Essentially, this task is about making https://appservers.svc.eqiad.wmnet/ and similar work internally. Ideally we do this for all internal service endpoints eventually, but MediaWiki is the biggest target to go after for the initial work of sorting this out. Host: headers can still be used to make requests to e.g. en.wikipedia.org over these TLS connections, but the cert should match the hostname used for the TCP connection in this case, IMHO.
In certificate terms, we need to create keys and issue certs (signed by the internal WMF CA that we already trust) for the virtual service hostnames. Probably the first step there is to come up with a definitive list of which clusters need which service hostnames (e.g. should the same broad pool of mw* machines have a SAN cert that covers both appservers.svc and api.svc? etc).

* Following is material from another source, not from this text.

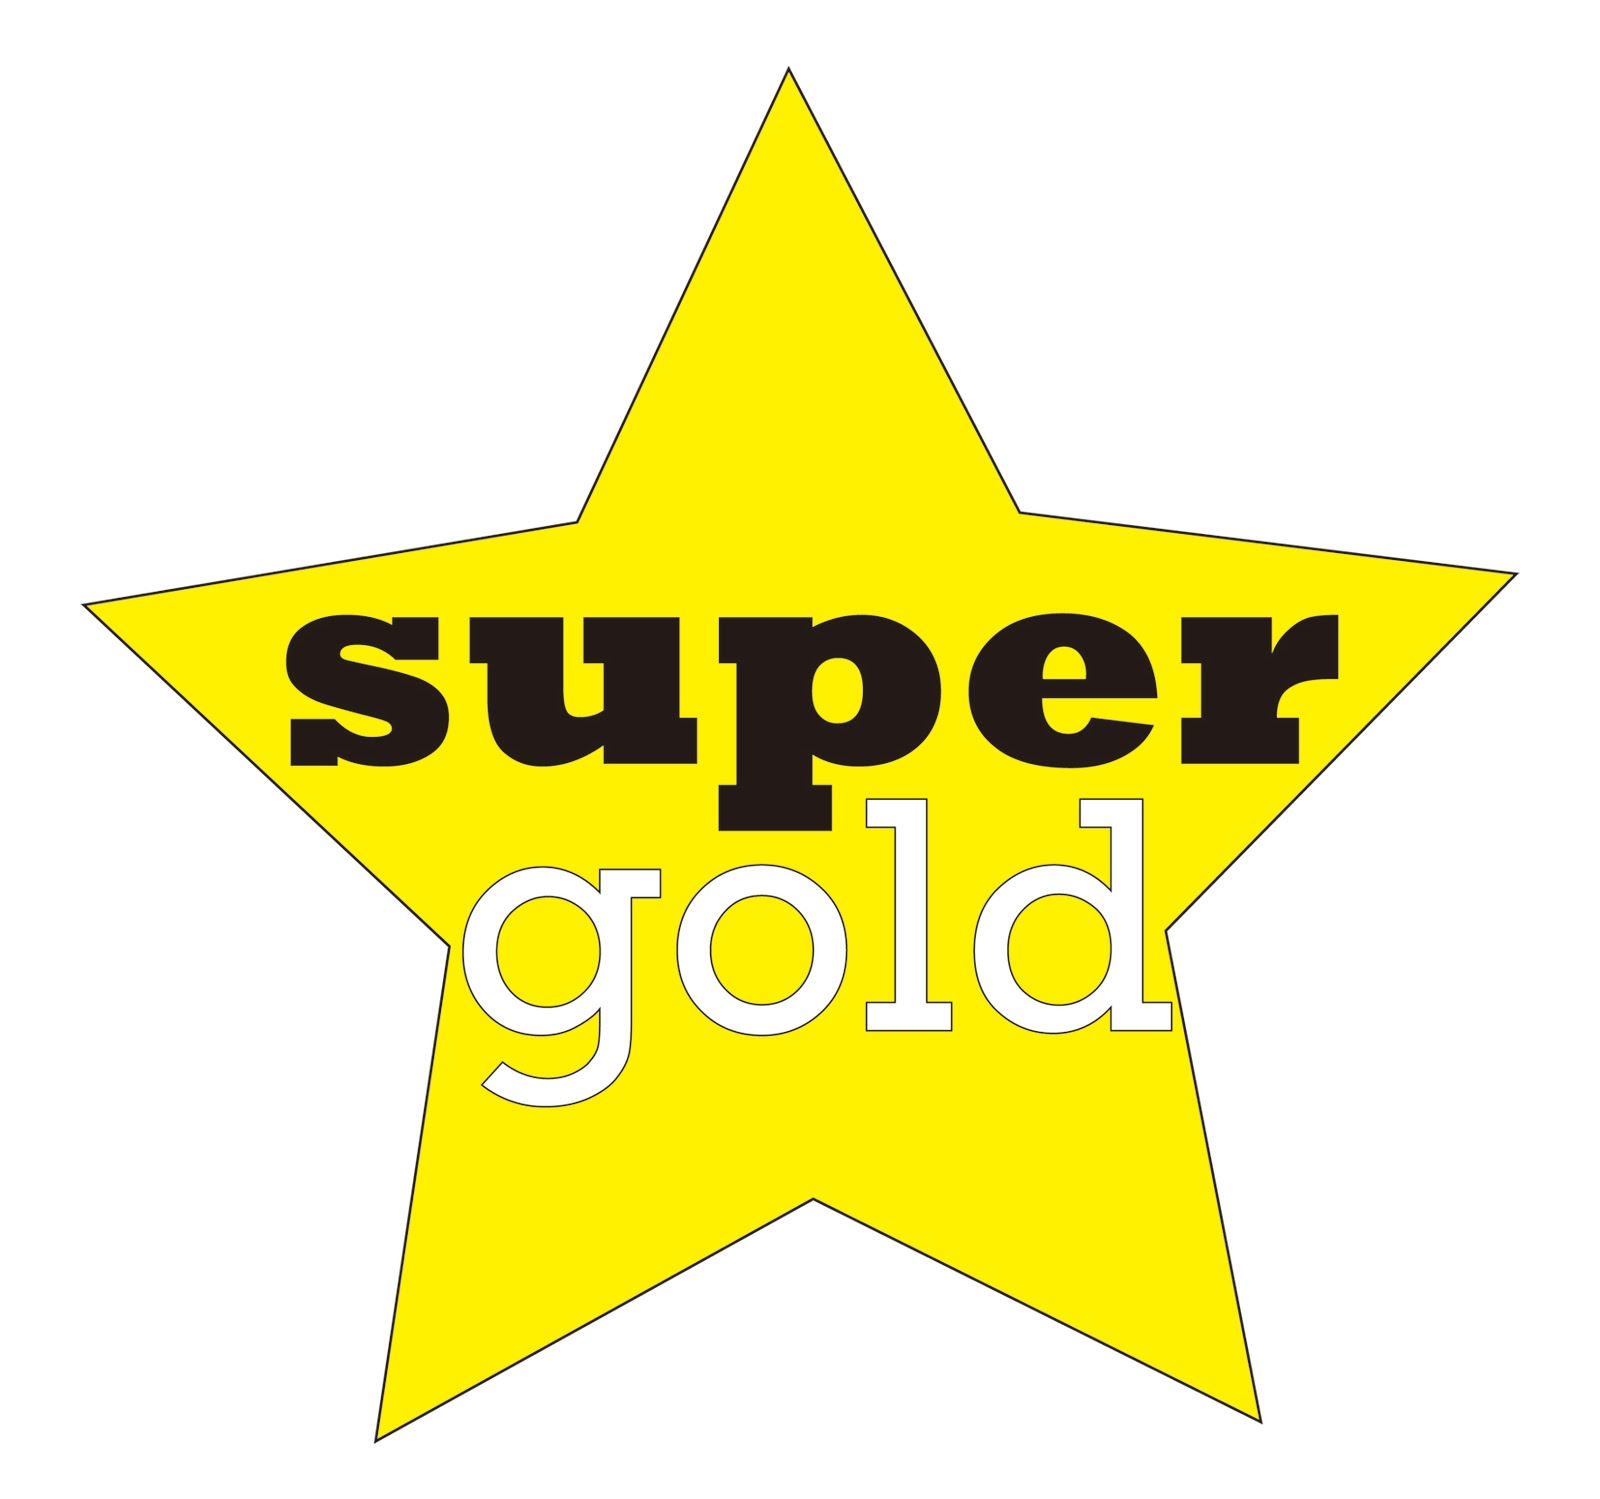 Picture Of A Gold Star - ClipArt Best

There are two basic obvious approaches to configuring the TLS listener:
- We could deploy the puppetized tlsproxy nginx configuration (with slight ammendments) as an inbound TLS proxy that talks to apache. The advantage here is simplicity of a known-good solution in configuration terms. The downside is it adds another layer to the overall request-processing stack, which reduces uptime and complicates debugging, etc.
- We could configure the TLS listening part in the appservers' current apache instance. This is much better in terms of runtime/debugging complexity, but I'm not yet sure how difficult it would be to implement in apache terms (having TLS with a cert matching the virtual service hostname, which applies to all of the (~70?) VirtualHost declarations in the current apache-level configuration.
Eventually we'll want to use TLS Client Auth with this as well, but we could do that as a second step after the initial one-way auth. Even without client auth, we're gaining significant resistance to passive snooping.